* **WHAT NEEDS TO BE DONE**: Please transcribe exactly the lines from the line holding "Antique sterling silver vesta case, engraved" through the end of the data below, and skip any pictures.

* **DATASET SECTION**:
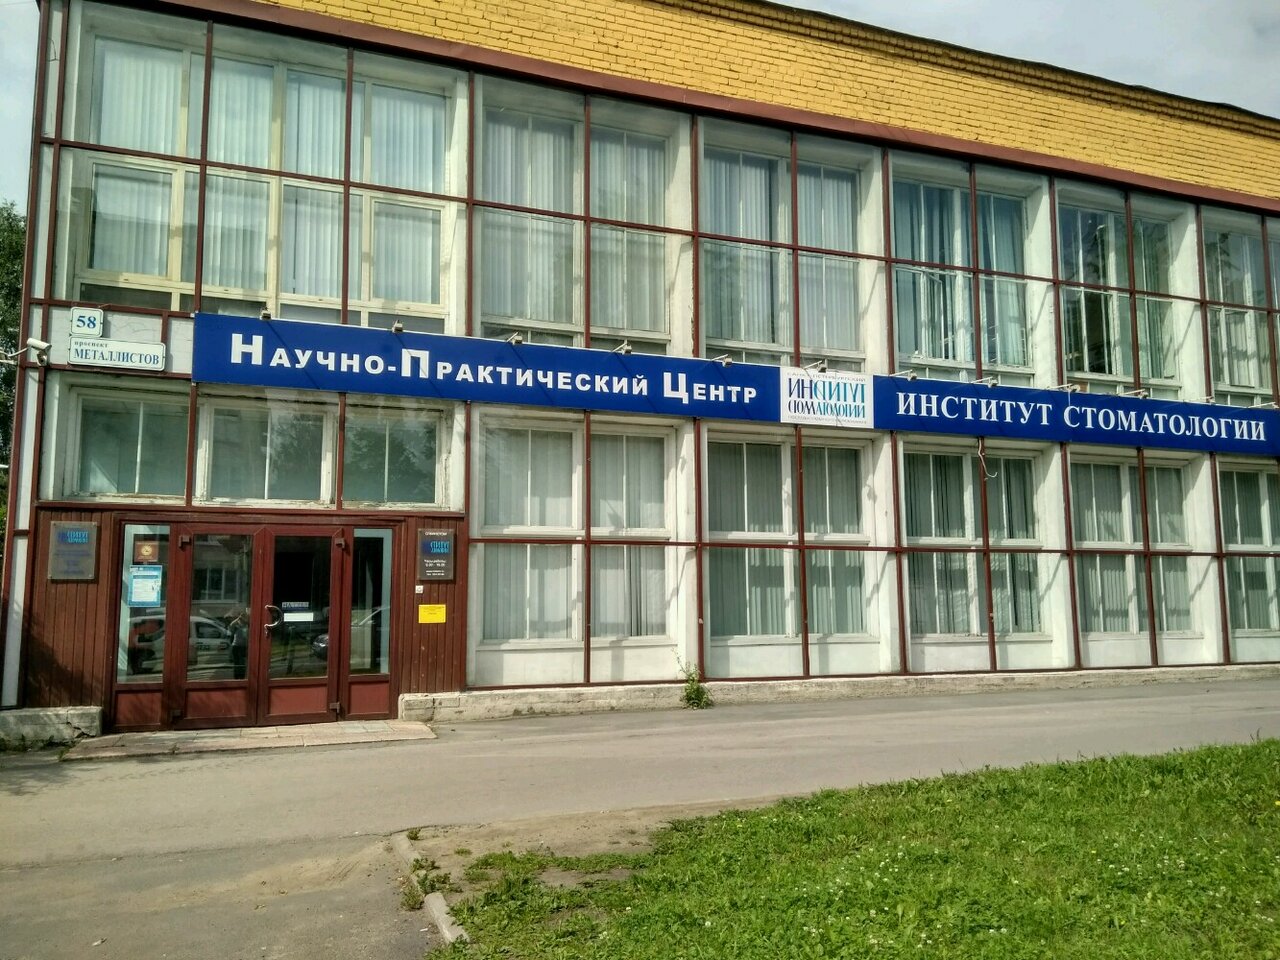 Стоматологическая клиника Неодент, Казань, пр. Металлистов, 58
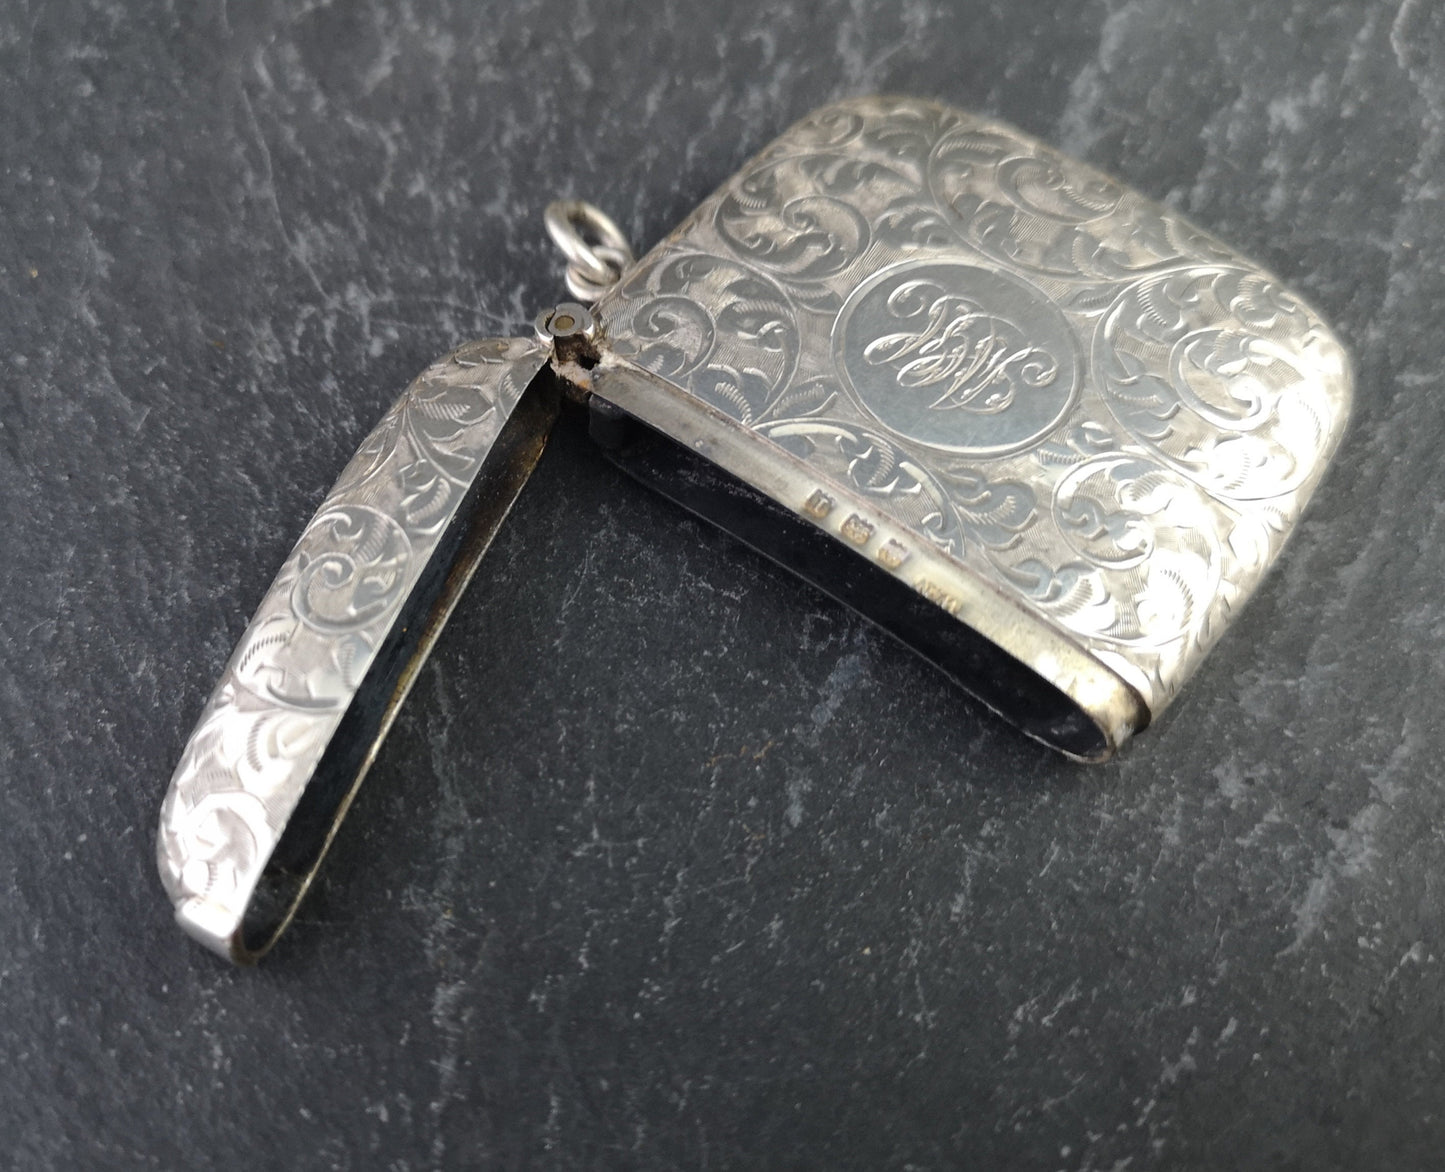 Antique sterling silver vesta case, engraved
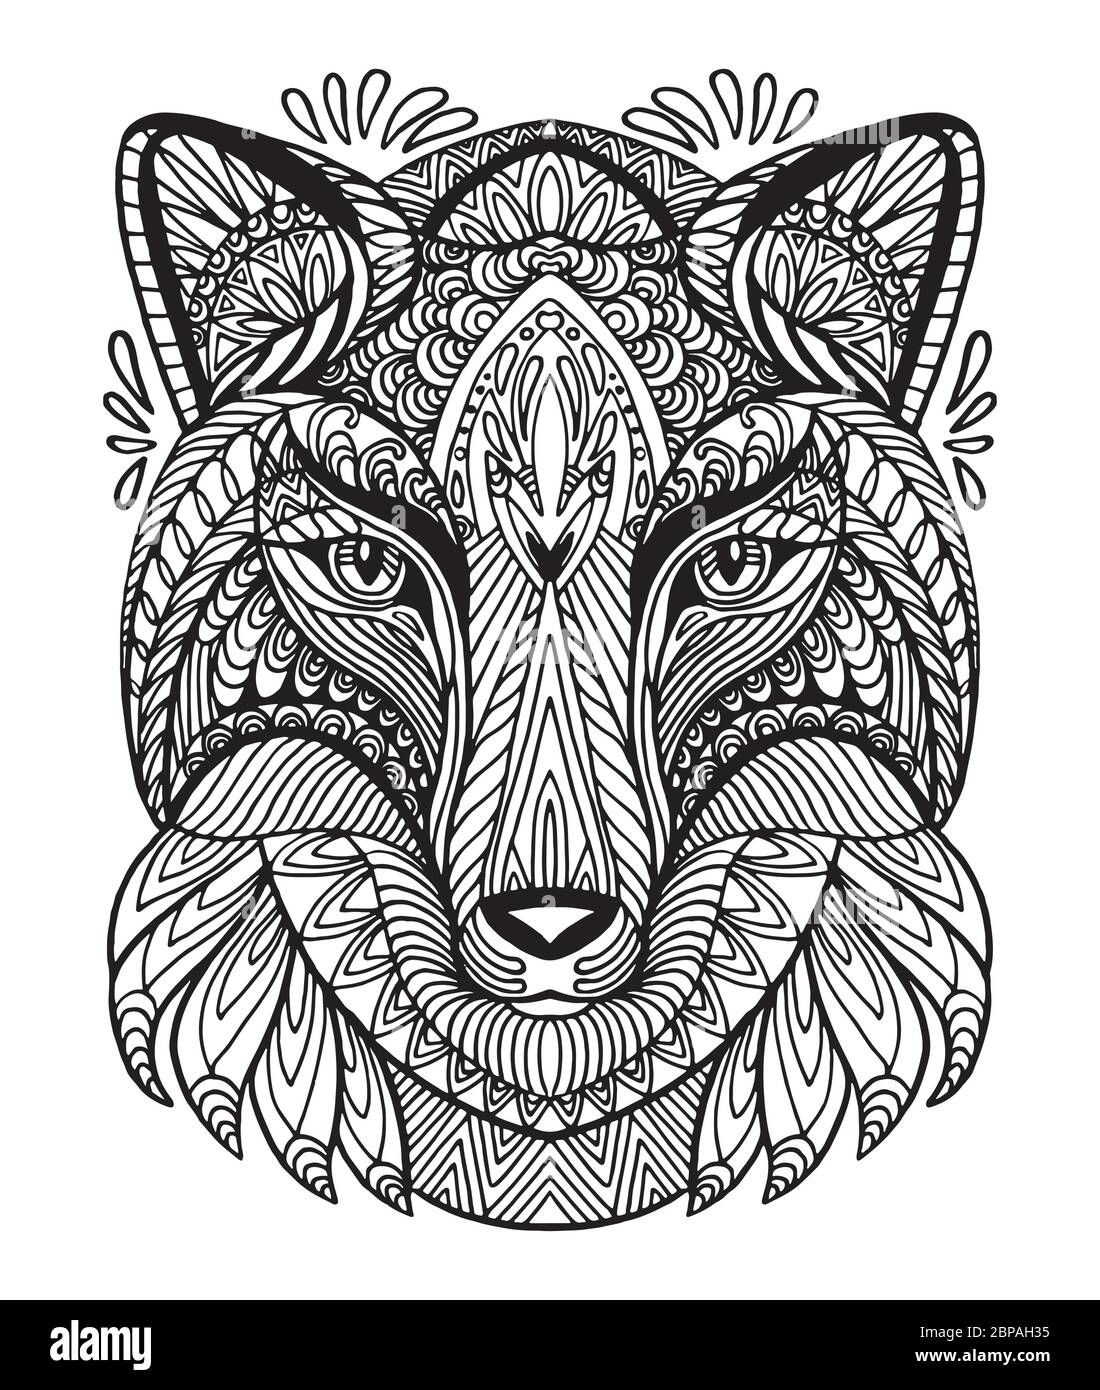 Vektor dekorativen Doodle ornamentalen Kopf des Fuchses. Abstrakte Vektor-Illustration von Fuchs schwarze Kontur isoliert auf weißem Hintergrund. Abbildung des Lagerbestands Stock Vektor

* **EXERCISE RESULT**:
 Antique sterling silver vesta case, engraved
 Vektor dekorativen Doodle ornamentalen Kopf des Fuchses. Abstrakte Vektor-Illustration von Fuchs schwarze Kontur isoliert auf weißem Hintergrund. Abbildung des Lagerbestands Stock Vektor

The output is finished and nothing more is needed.